The problem is that making the DMA minimum length configurable
by itself impacts performance because a memory read is necessary
to retrieve the limit, instead of a hardcoded immediate in the
machine code.  Ultimately this feature is only of interest to
developers optimizing the code, not really to end users.

> Also DMA mode has one specific difference to Polling mode:
> there is no idle clock cycle between bytes transferred.

Seriously?  If that's true it should be documented in the driver.
That seems like a major advantage of DMA mode.

> This may have negative impact when transferring lots of bytes to
> some mcus without SPI buffers at the fastest possible clock speed,
> where it helps when there is a gap after each byte.

Hm, wouldn't a slower SPI clock speed achieve the same?

As a general remark, the interrupt mode is currently suboptimal
because when the TX FIFO becomes empty, there's a latency until
it is filled again.  Instead, we should try to keep it non-empty
at all times.  This can be achieved with the RXR interrupt:
It signals that >= 48 bytes are in the RX FIFO, so in theory if
we receive that interrupt, we could write 48 bytes to the TX FIFO.

The problem is, this clashes with your algorithm which tries to
stuff as many bytes as possible in the TX FIFO.  Only if we give
that FIFO stuffing algorithm up do we know for sure that 48 bytes
are free in the TX FIFO.

Also, both poll mode and interrupt mode could be sped up by
switching to pseudo-DMA mode, as I've done in 3bd7f6589f67,
i.e. switch to DMA mode but access the chip with programmed I/O.
That way, the number of MMIO accesses would be reduced by a
factor of 4.  So if the TX FIFO is empty, perform 16 writes
to fill it.  Write another 12 dwords once RXR is signaled.
Read 16 dwords upon RXF or 12 dwords upon RXR.

This would make the time spent in the IRQ handler super short,
but at the expense of receiving more interrupts.
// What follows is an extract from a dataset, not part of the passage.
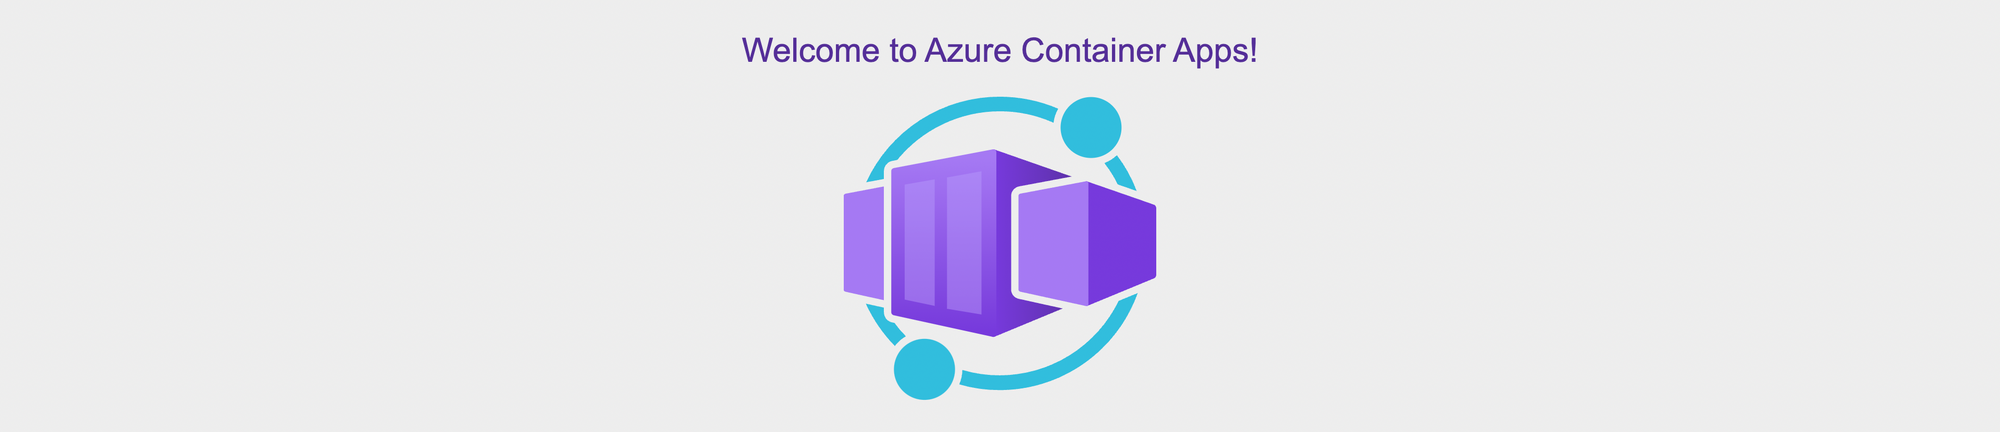 The container app page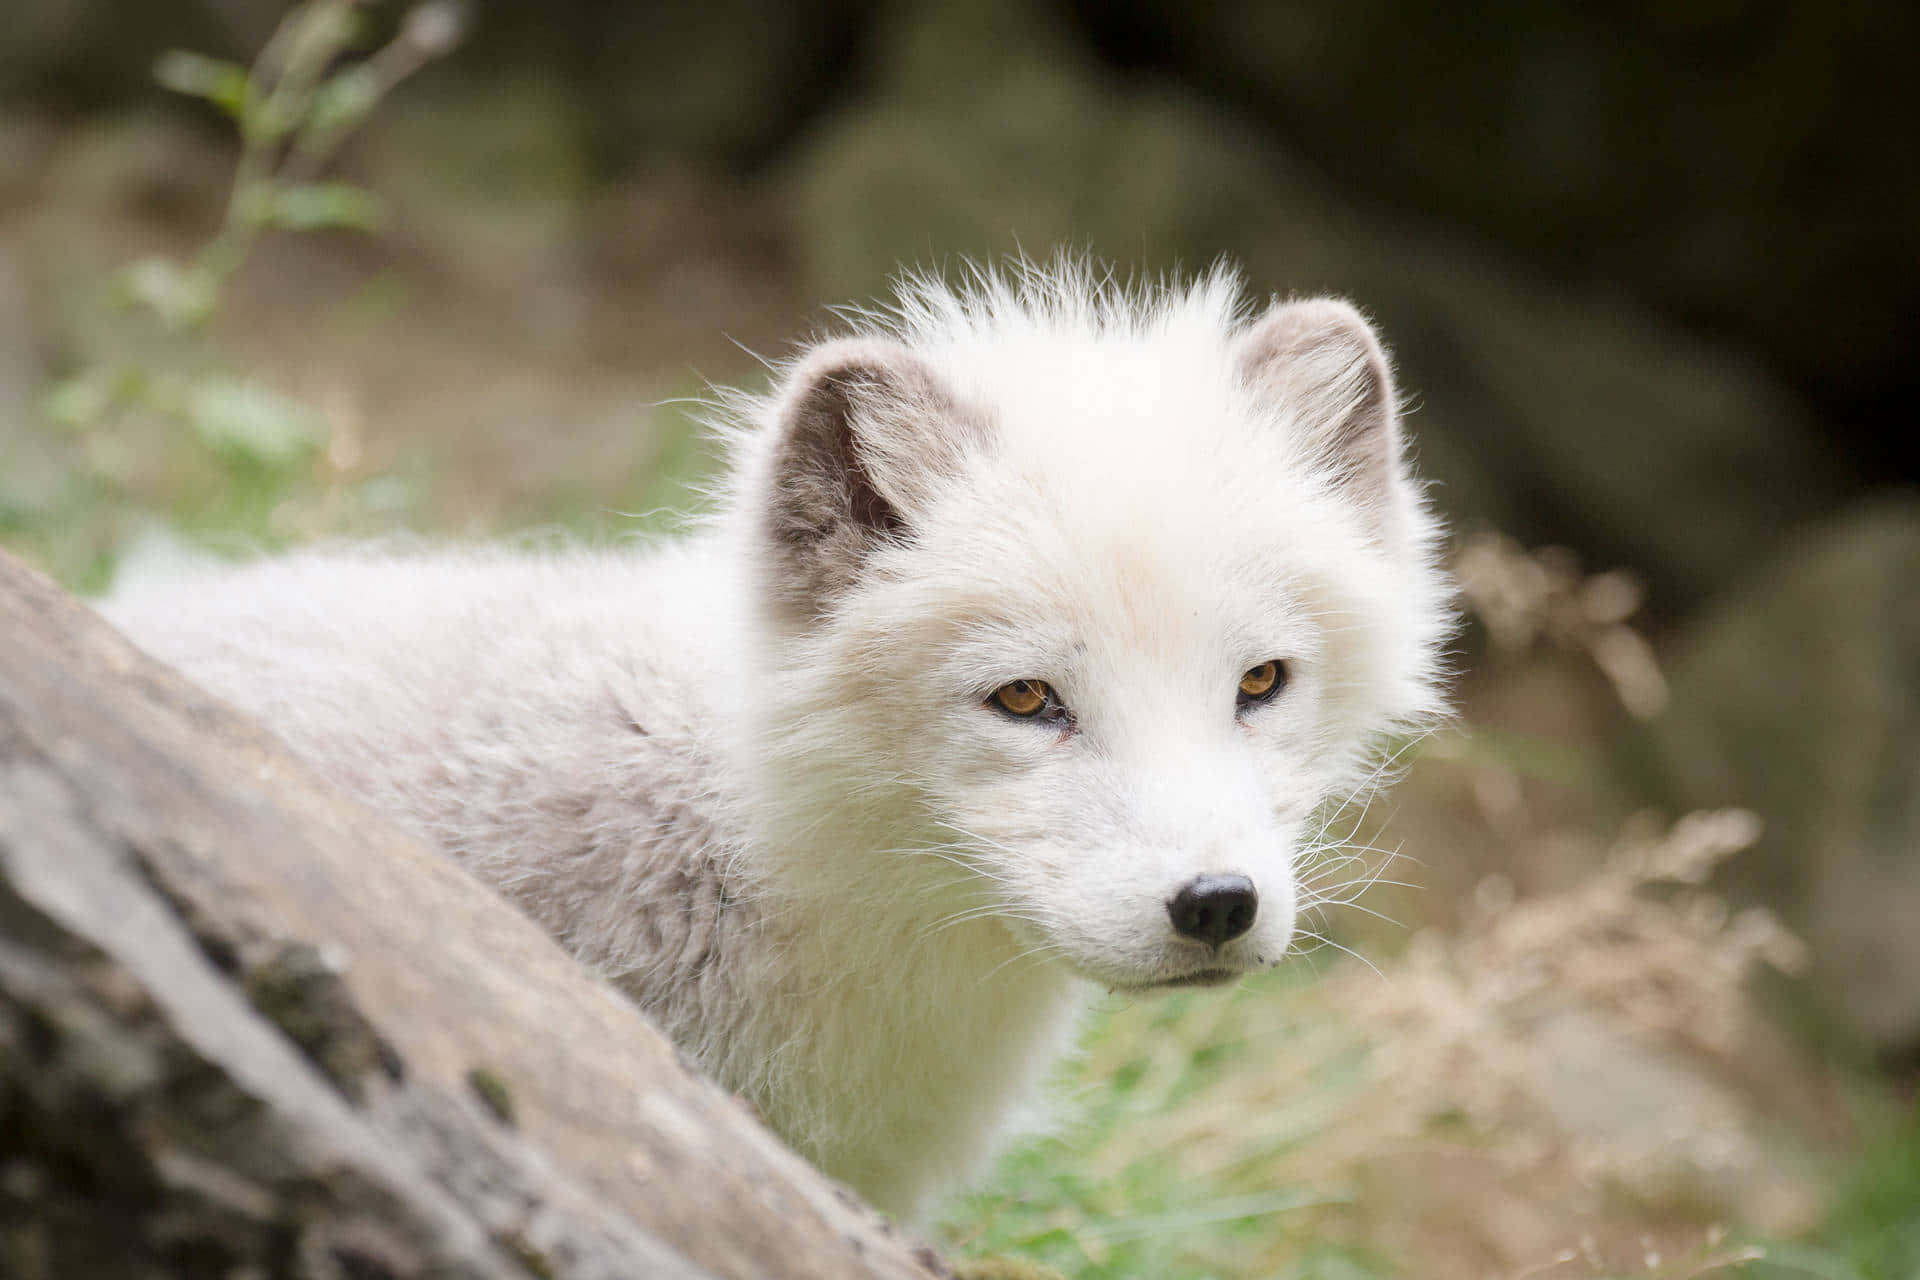 "The beautiful Arctic landscape, home to the Arctic Fox."

Poll mode could function the same and precalculate the time it
takes for the TX FIFO to empty or the RX FIFO to become filled,
and usleep_range() as long to yield the CPU to other tasks.
Again, this means more wakeups for the thread.  I'm not sure
which one is the lesser evil but your FIFO stuffing algorithm
forces us to leave optimization potential on the table and that
bothers me.

Let me know what you think.

Thanks,

Lukas